The 80s are reflected upon with fauxstalgia because of the portrayal of sex, drugs, and rock & roll in film and pop culture. Not to say that people weren’t having a good time, but a real and different life was happening outside CBGB when Prince released this song: Reagan was overseeing the Cold War and the AIDS epidemic, there was a short but powerful recession that hit American pocketbooks, and there were two wars that year abroad (Falklands and Israeli invasion of Lebanon). And yet, in true Prince fashion, he reminds listeners that God made everyone and sometimes there’s nothing to do but dance.
What surprised me the most was listening to “1999” and never truly hearing the final line in the jam: “Mommy, why does everybody have a bomb?”
Tim McGraw implored us in 2004 to “Live Like You Were Dying” (the main character in his song received a terminal diagnosis) so to take this metaphor way too far, the Earth has received its terminal diagnosis and the sun definitely won’t be rising tomorrow — how are you spending your final day? Will you be calling your ex to apologize even though you told them to eat dirt two weeks ago?
When songs about describing armageddon aren’t being so damn dramatic with their operatic overtures and wailing screams posing as string instruments, the end of times sounds dreamy and romantic.
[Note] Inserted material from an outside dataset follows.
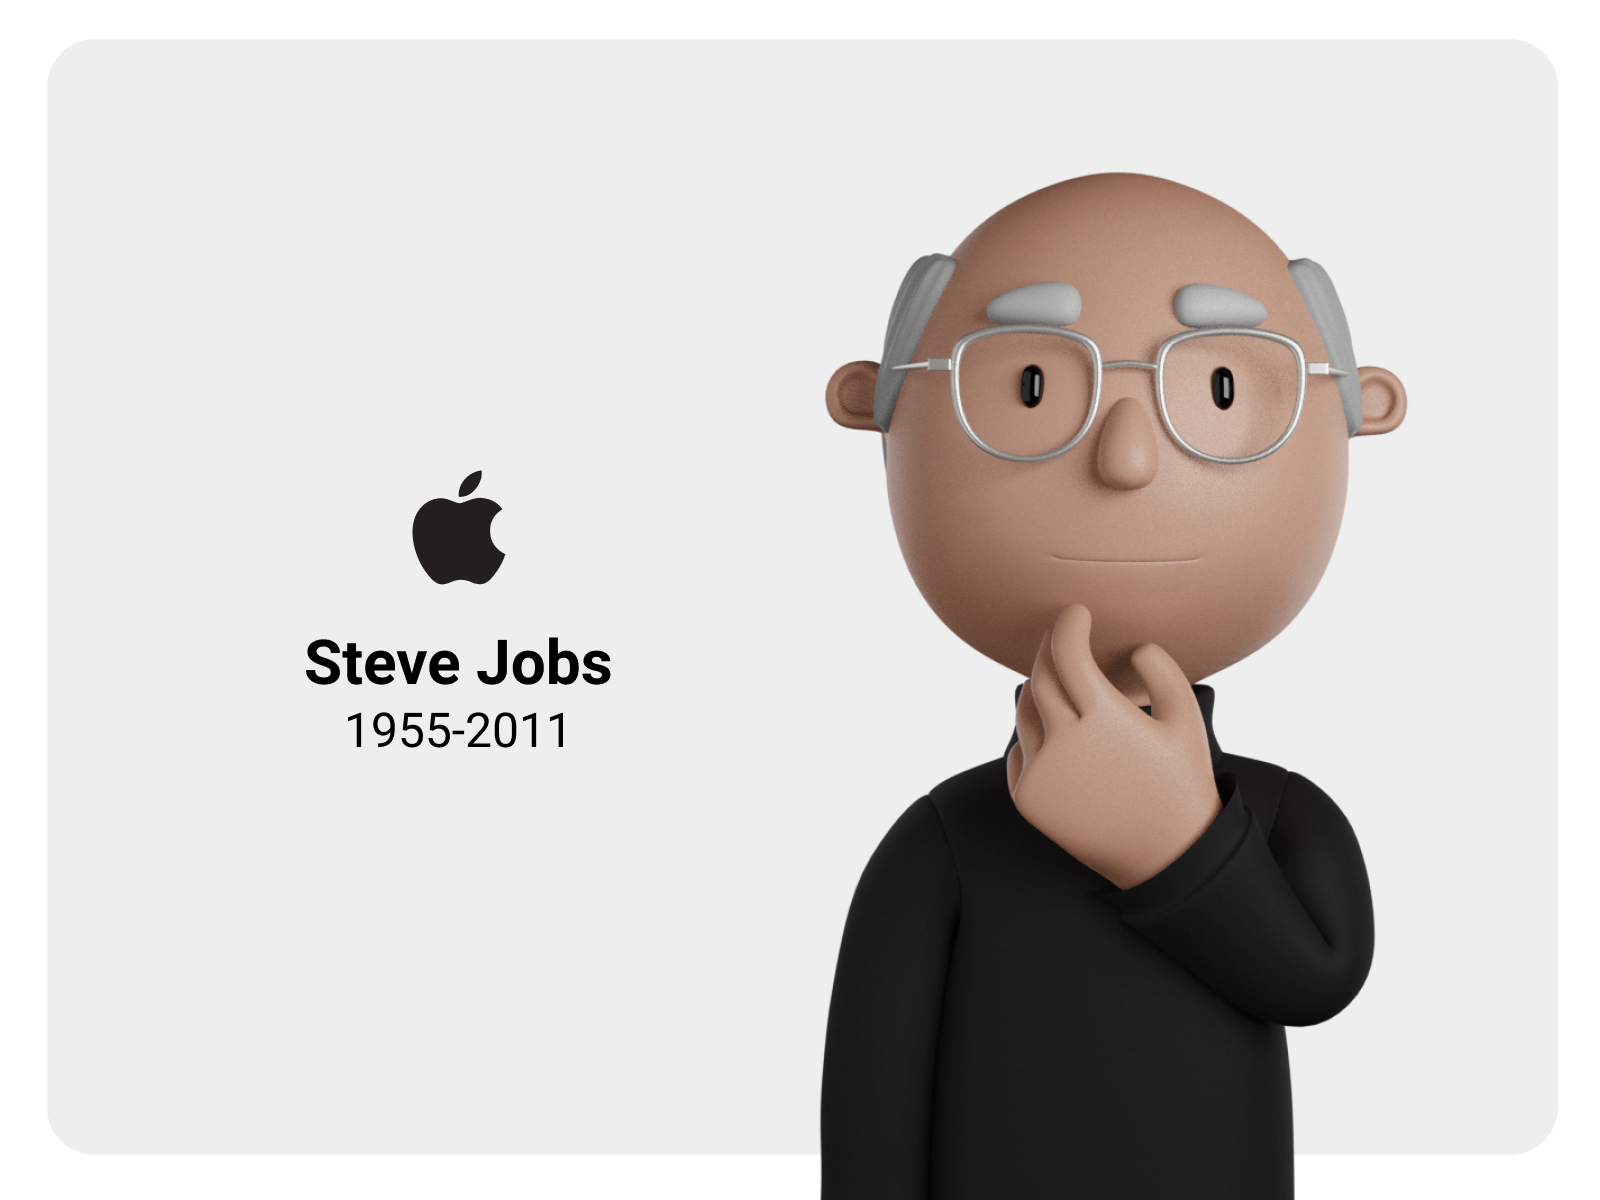 Meet Steve Jobko, the Anime-style Feminization of Steve Jobs | Product News  | Tokyo Otaku Mode (TOM) Shop: Figures & Merch From Japan

“If the World Was Ending” (by now the happily defunct couple Julia Michaels and JP Saxe) showcases prescient lyrics about a couple one year post-breakup wondering “you up?” and if they would reunite if they discovered they only had one day left. They didn’t want to spend forever together when they thought they had more time, but now that forever ends in one day, they want to spend it together. True love or relationship of convenience?
On the flip side, you’ve got Miley Cyrus begging her devotee to have more urgency: “Baby, you’ve been thinking ‘bout the future like it’s already yours / Show me how you'd hold me if tomorrow wasn't comin' for sure.” The structure of the song implies an in-universe surety that there will not be a tomorrow and demands more presence in their remaining moments. Personally, I’d hate to get loved on just because the world was ending — if he wanted to love me now, he would.
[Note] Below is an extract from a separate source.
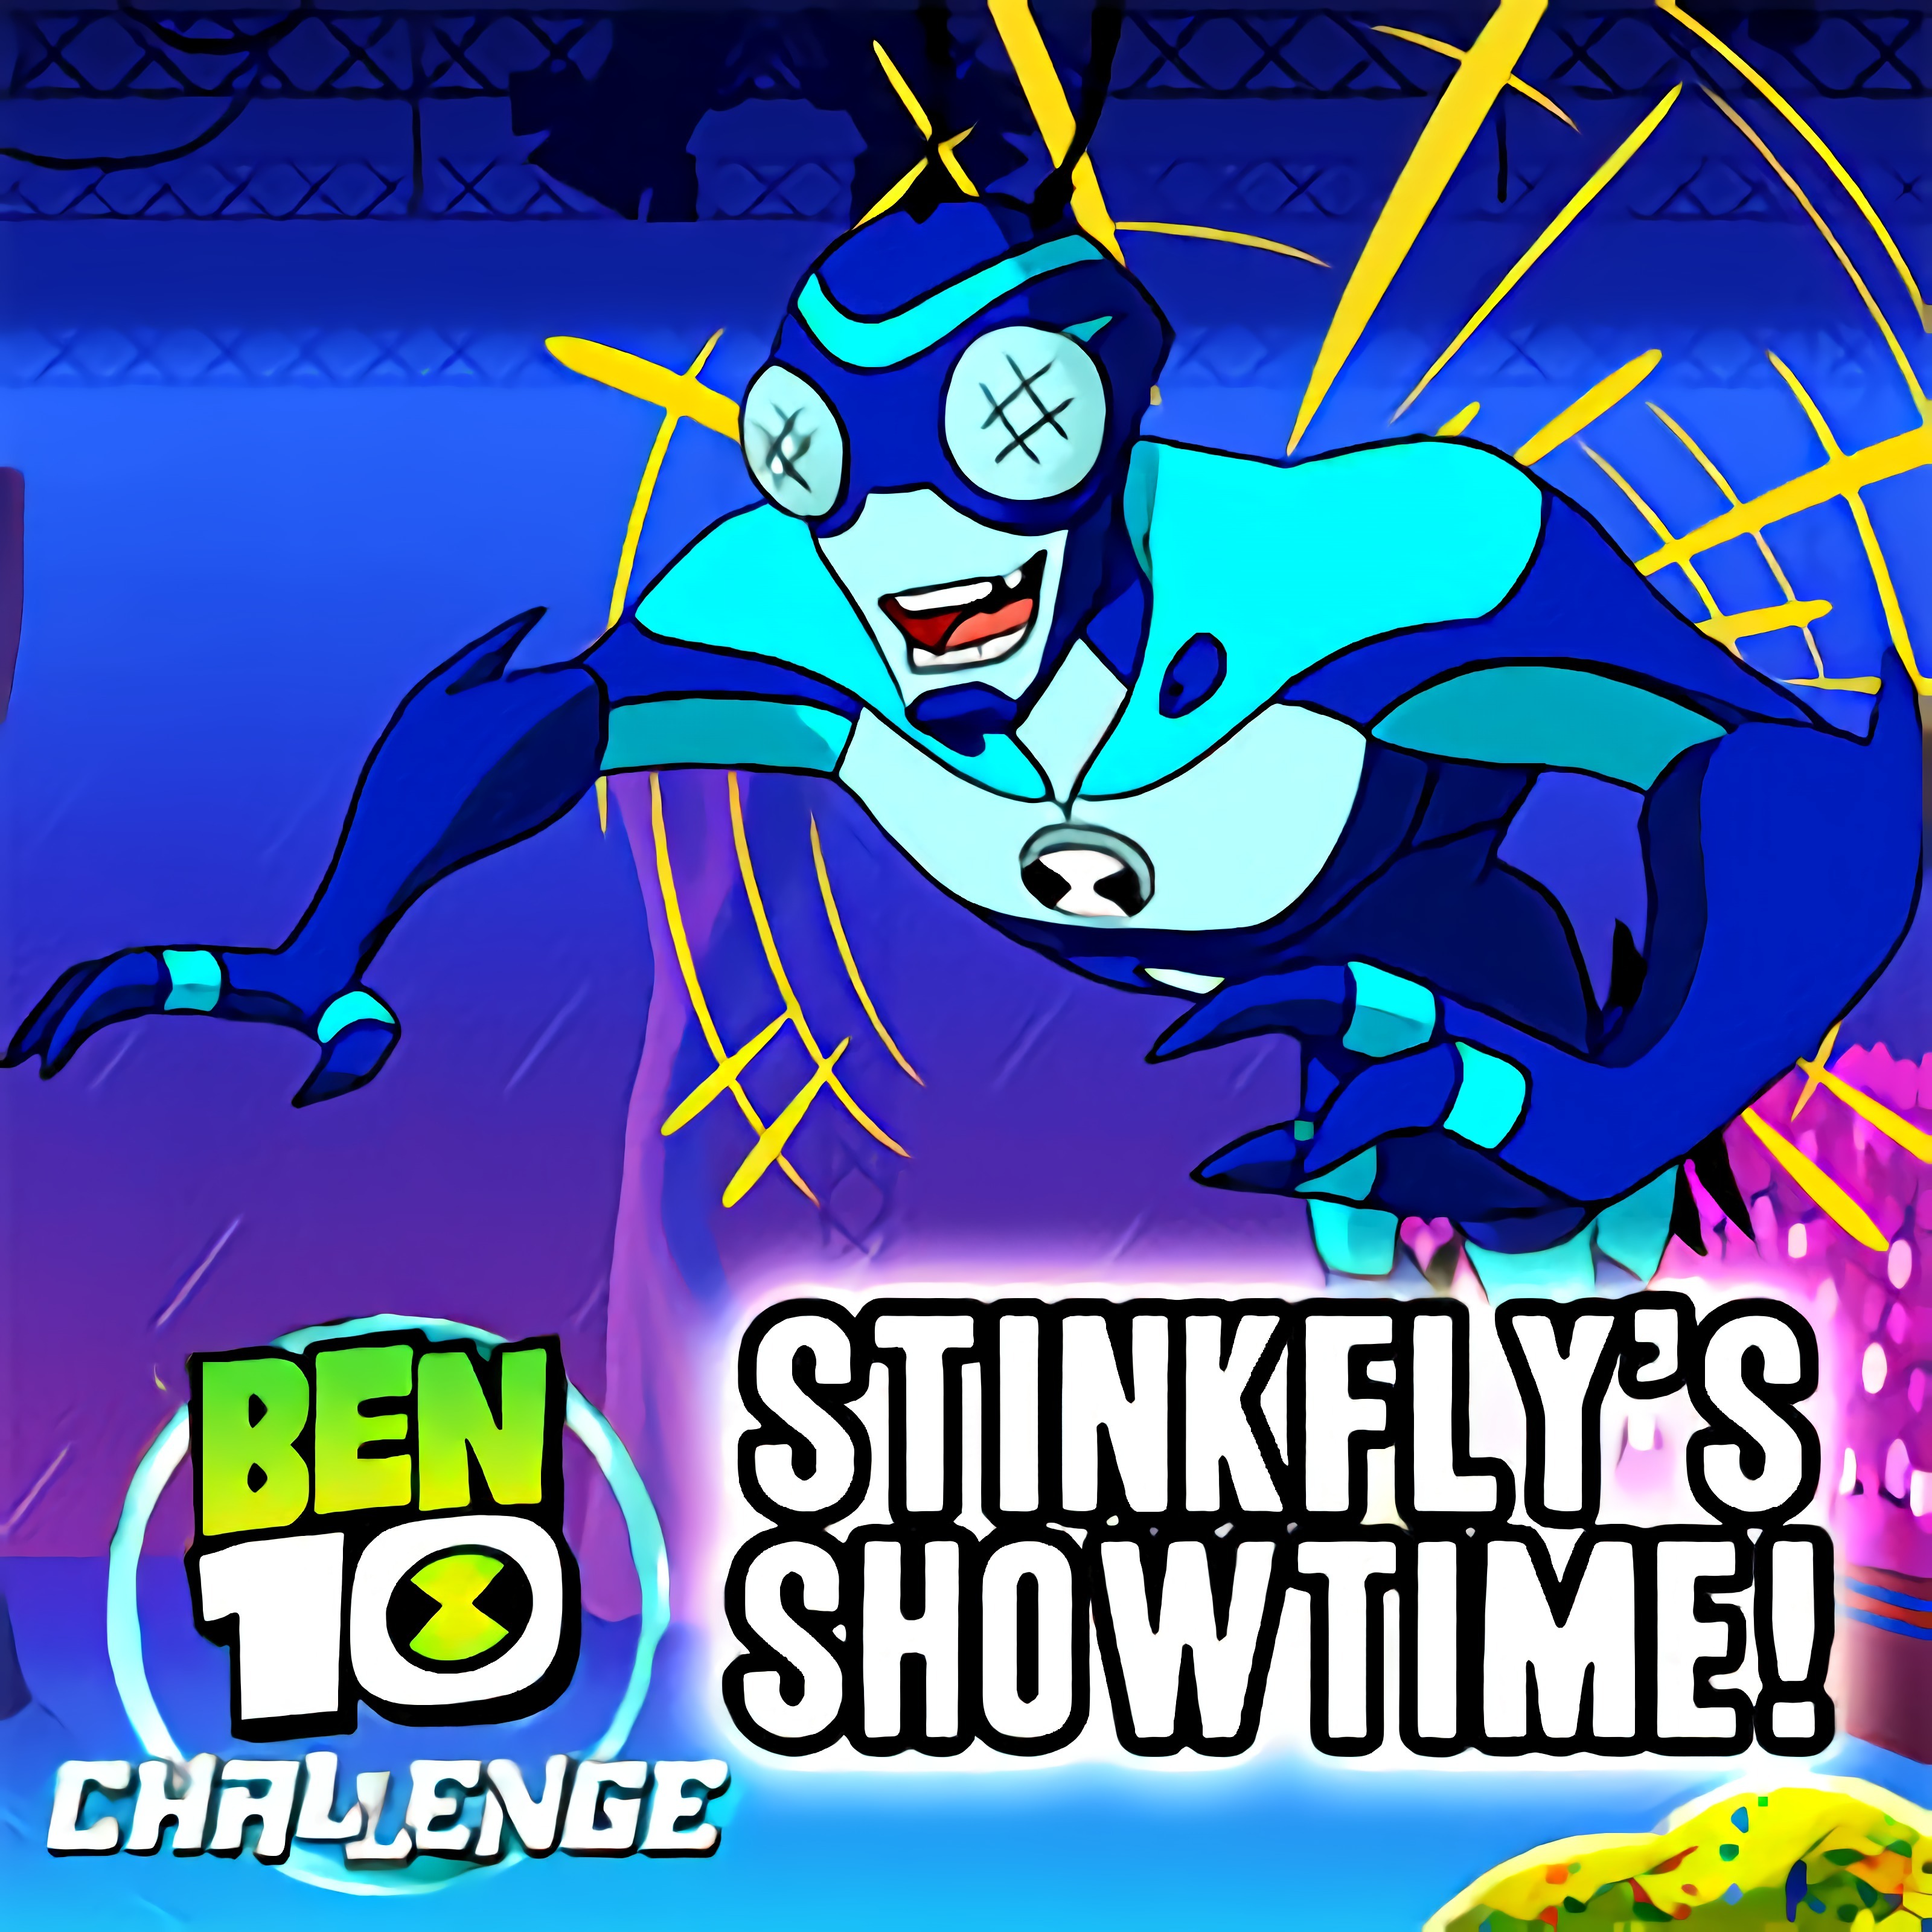 Stinkfly Showtime - Ben 10

The narrator in “Apocalypse Whenever” by Bad Suns (2022) admits he’s not ready to die, but he’s made his amends, chased his dreams, learned from his mistakes. The apocalypse can come “whenever” because he’s worked on having a life without regrets.
As humans do, I get caught up in the mundanity of life and the forced rituals: going to work, doing the laundry, paying bills… it’s with great intention and effort that I stop to practice gratitude and snap back to the present moment. I’m in the practice of asking myself, “If not now, when?”
These songs urge us to think of what’s in front of us now: the opportunity to feel good, be good, and do good.
What will you do with the opportunity?